Starting the serious tidyup in my studio in anticipation of the arrival of a couple of Studio Creative Consultants (aka relatives), I reacquainted myself with various things:
1. Box of 48 Sennelier Oil Pastels hiding underneath a couple of mostly used A3 sketchbooks.

2. Plastic pill organizer with watercolour squeezed into each day. I knew it was Sennelier’s limited edition natural colours, but just as well I’ve this photo to remind me which colours they were.
3. Two unused tubes of Green Gold, one Golden, one Winsor & Newton. The Golden version is a Series 7, so not an insignificant find (read: it’s an exquisite but expensive colour).

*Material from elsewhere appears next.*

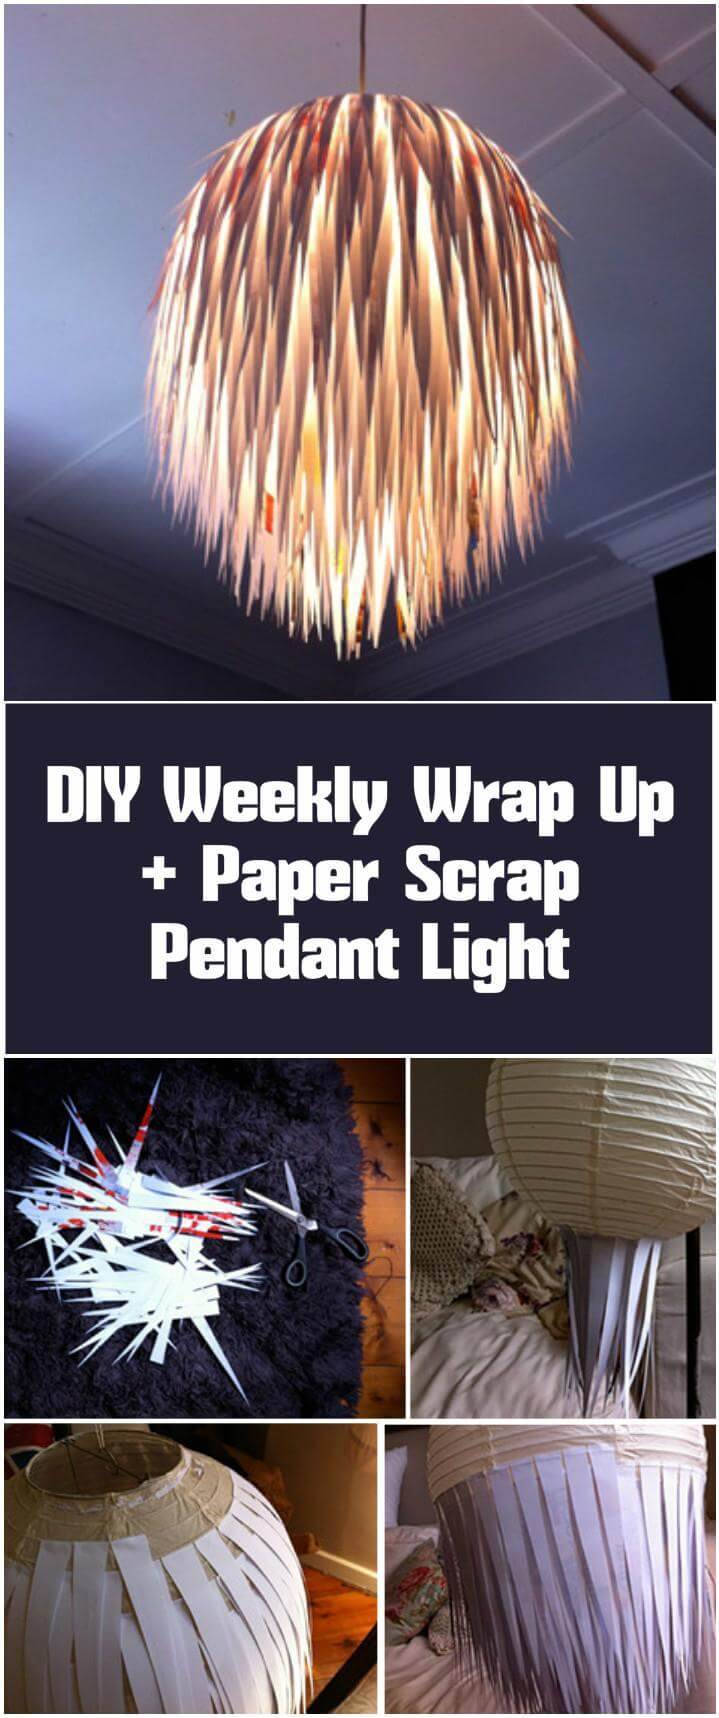 self-made weekly wrap up and paper scrap pendant light

4. Postcard sent by a friend from Tuscany in 2011 featuring a painting by Pierro-della Francesca, Madonna del Parto, that she said had its own museum in a hilltop village.
5. Postcard from National Portrait Gallery in London of one of my favourite paintings in their collection, Justin Mortimer’s 1992 portrait of Harold Pinter, which is two-thirds red negative space. (Both postcards had got shifted from the front of a shelf to between books.)

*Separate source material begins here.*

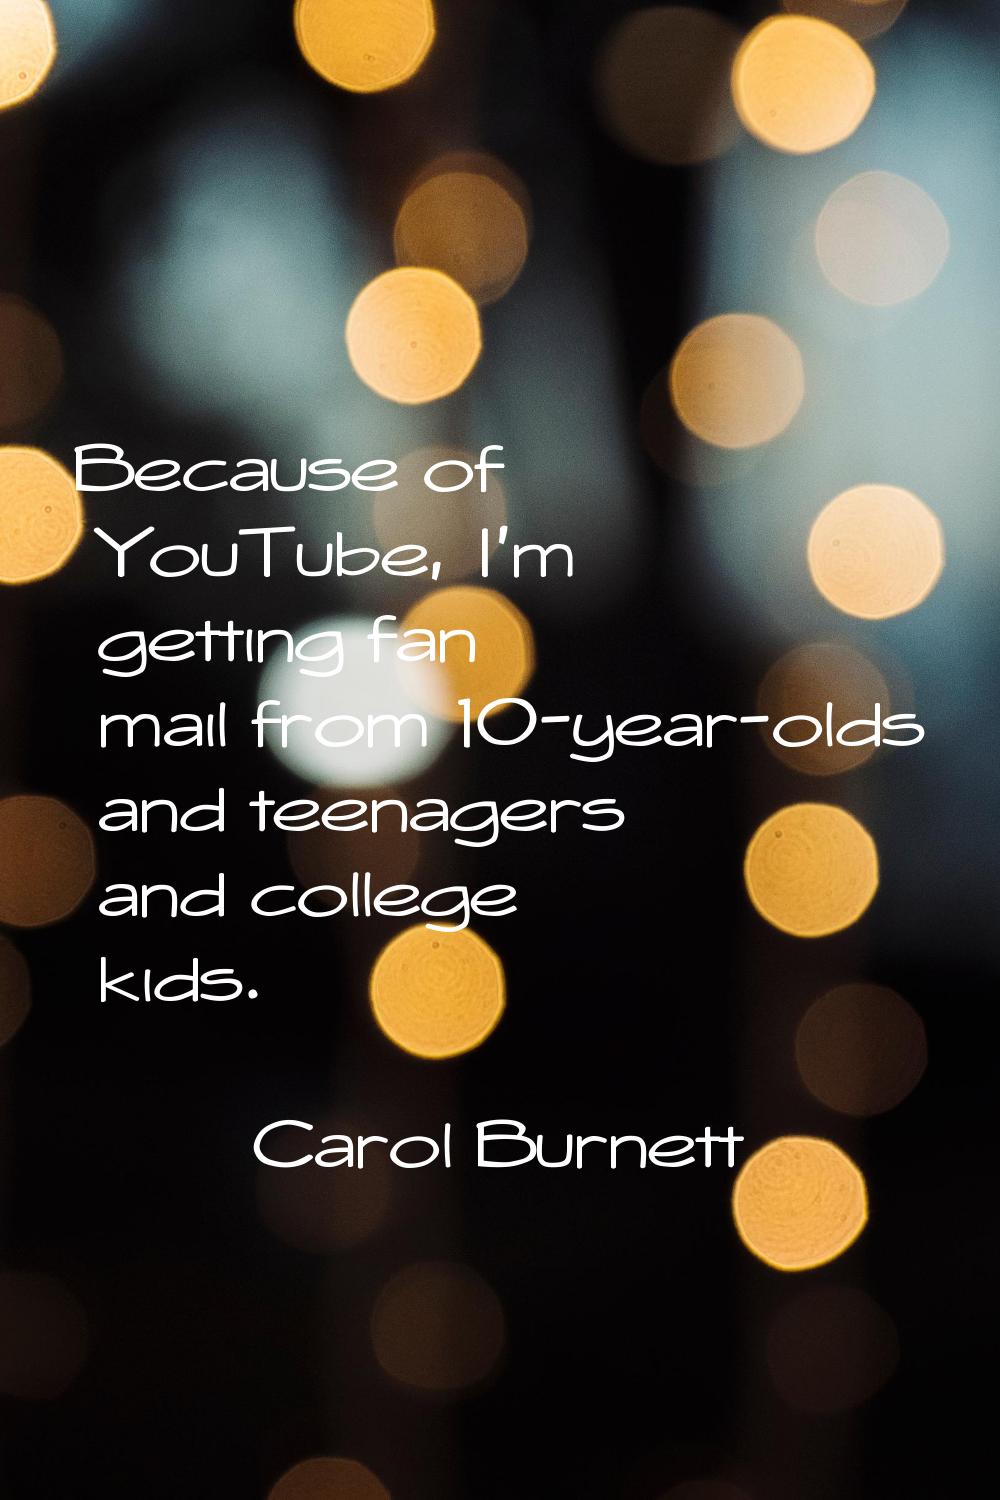 Because of YouTube, I'm getting fan mail from 10-year-olds and teenagers and college kids.

6. Exhibition catalogue Monet et l’abstraction/Monet and abstraction, which delayed the tidyup for some time as I flipped through the pages. Monet’s late paintings, where he uses nature as a starting point but it’s mostly about pattern and colour, as some of my favourites. “The object no longer defined the pictures subject, which was now subject to the painterly gesture … The image is no longer a hermetic snapshot of reality, but a place where sensations are assembled in a duration that is also a state of harmony, an even expanse in which memory is fed by the simple pleasure of seeing.” (page 95/6)

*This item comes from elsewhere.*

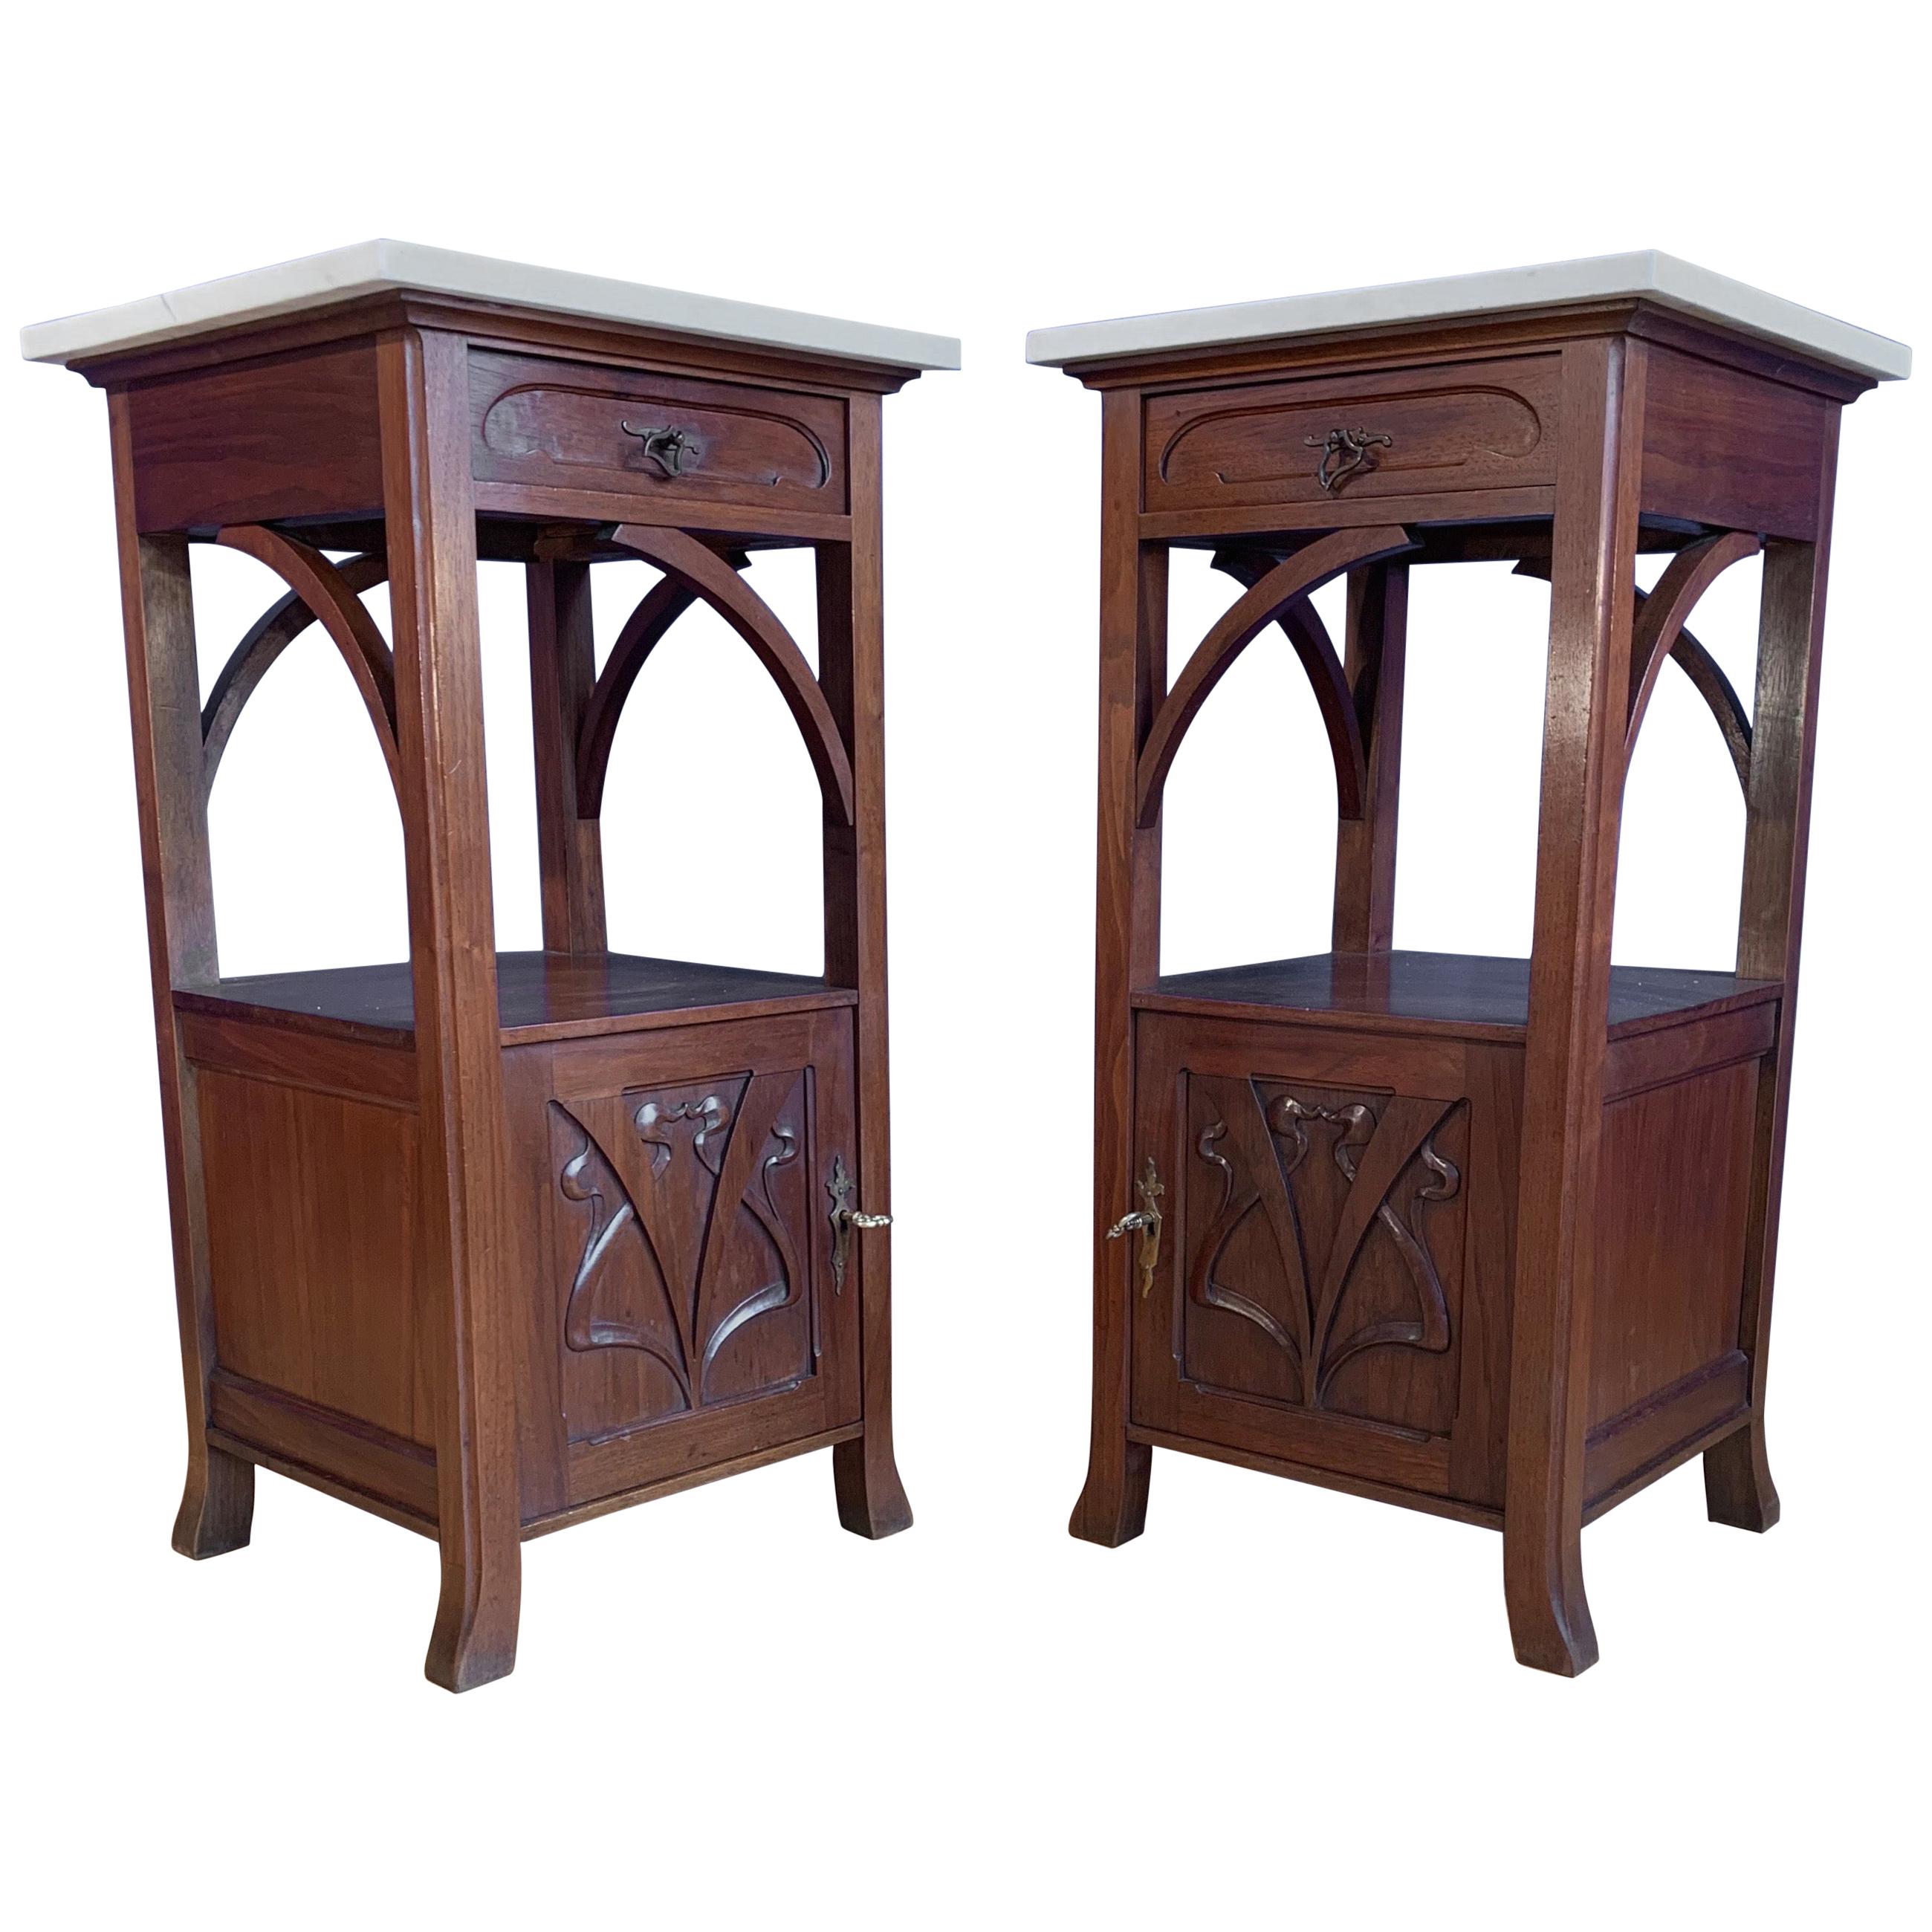 Stunning Pair of Art Nouveau Mahogany Nightstands / Bedside Cabinets Marble Tops

7. A note in my handwriting that says: “I have the beret of awesome artiness.” I’m still pondering this; I imagine it came from a conversation with the In-House Art Critic about different hats one wears in life.
8. Handful of reference photos of big waves I took at Storm’s River, South Africa in 2007 (“real” photos, on photo paper). It’s where most of the photos were taken for my article Sea Painting: Understanding What You’re Trying to Paint.